I am posting this answer here because I just joined the Philosophy website on StackExchange even though I have posting and comment privileges on other StackExchange sites. The question is quoted below:
I have always been perplexed by a seeming paradox in probability that I'm sure has some simple, well-known explanation. We say that a "fair coin" or whatever has "no memory."
At each toss the odds are once again reset at 50:50. Hence the "gambler's fallacy." After 10 heads, the odds of another head are still said to be 50:50. The same after 20, 40, 80... heads.
Yet we also know that the series will converge upon an equilibrium of heads:tails. And indeed this is countable in fairly short order. The convergence appears pretty quickly.

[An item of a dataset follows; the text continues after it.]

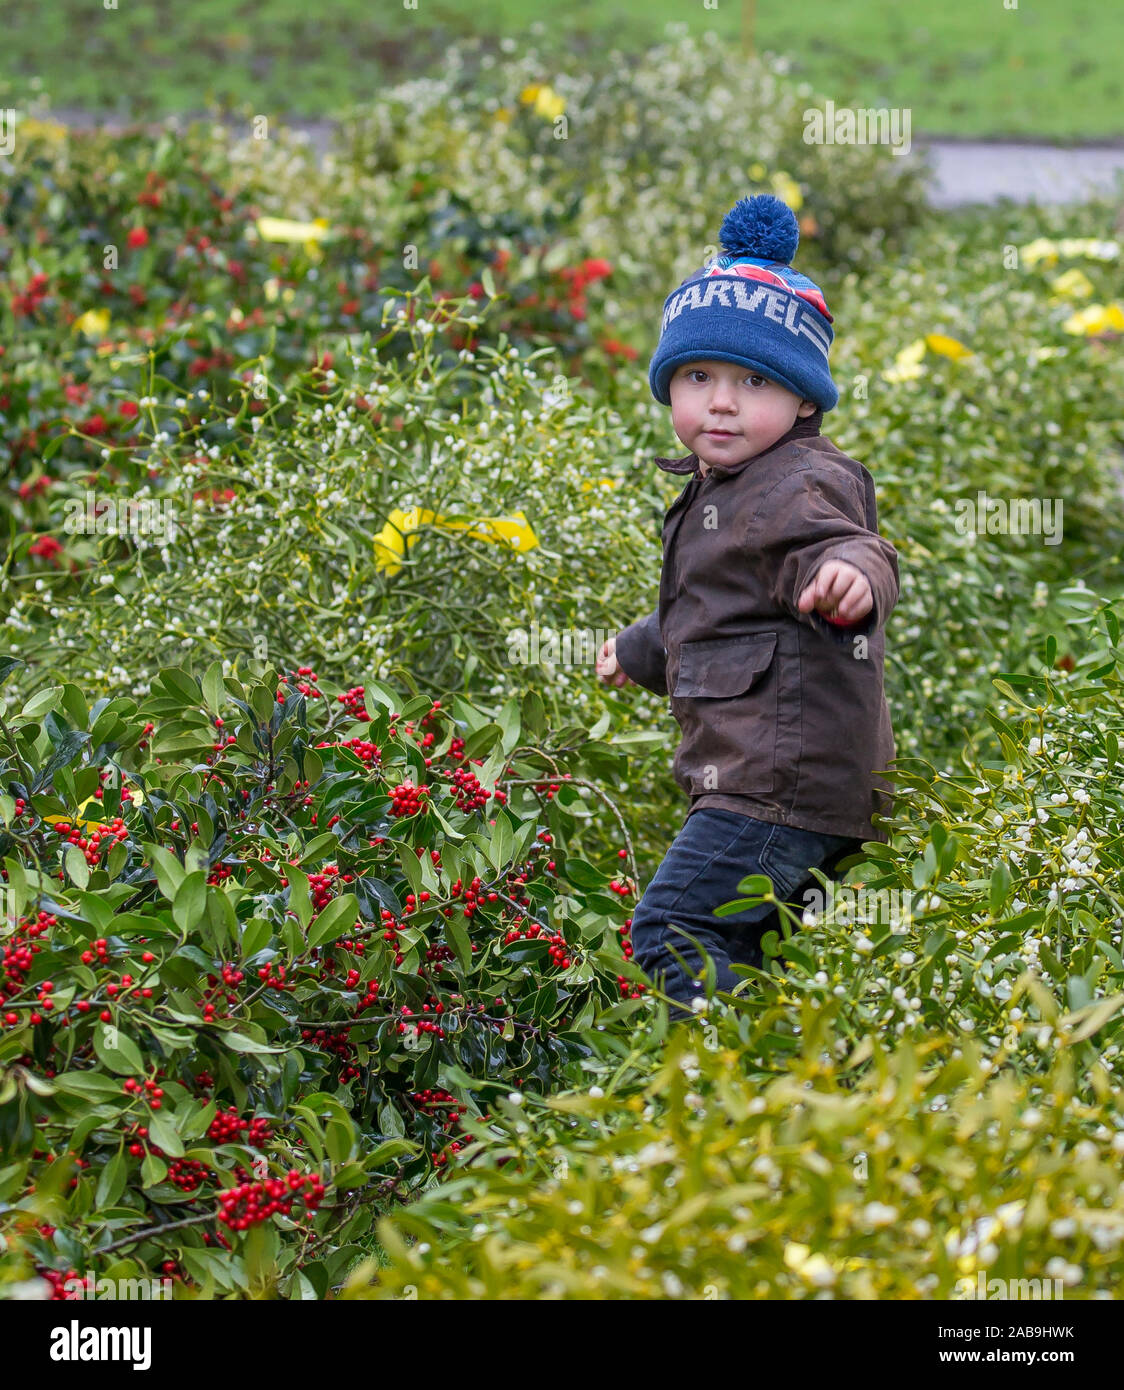 Tenbury Wells, UK. 26th Nov, 2019. In spite of wet, dreary weather, nothing dampens the spirit of UK buyers who flock to the Worcestershire town of Tenbury Wells for the annual Christmas Mistletoe and Holly Auction. With UK growers offering such a staggering selection of freshly-cut, berry-laden evergreens at this special event, retailers travel from far and wide to secure the finest festive foliage for the countdown to Christmas. Whilst waiting for his father, this little boy, Bobby-Lee, is having so much fun running around and hiding in rows of evergreens! Credit: Lee Hudson/Alamy Live News Stock Photo

How can both be true? Isn't there something in the physical series of tosses that "remembers"? Isn't there necessarily some slightly better chance of a tails after 10 heads?
How does logic resolve this absolute randomness in the particular events with a general law of convergence? I imagine this must be a well-known issue. I suppose it raises the larger issue of what sort of "causality" probability is.
Note that I do not know symbolic logic so, embarrassingly, formal demonstrations are beyond my ken.
There's a very simple answer that Marilyn Vos Savant wrote in her Parade Magazine column years ago. The answer is that each individual toss of a coin has a 50/50 probability, but these odds do not apply in aggregate!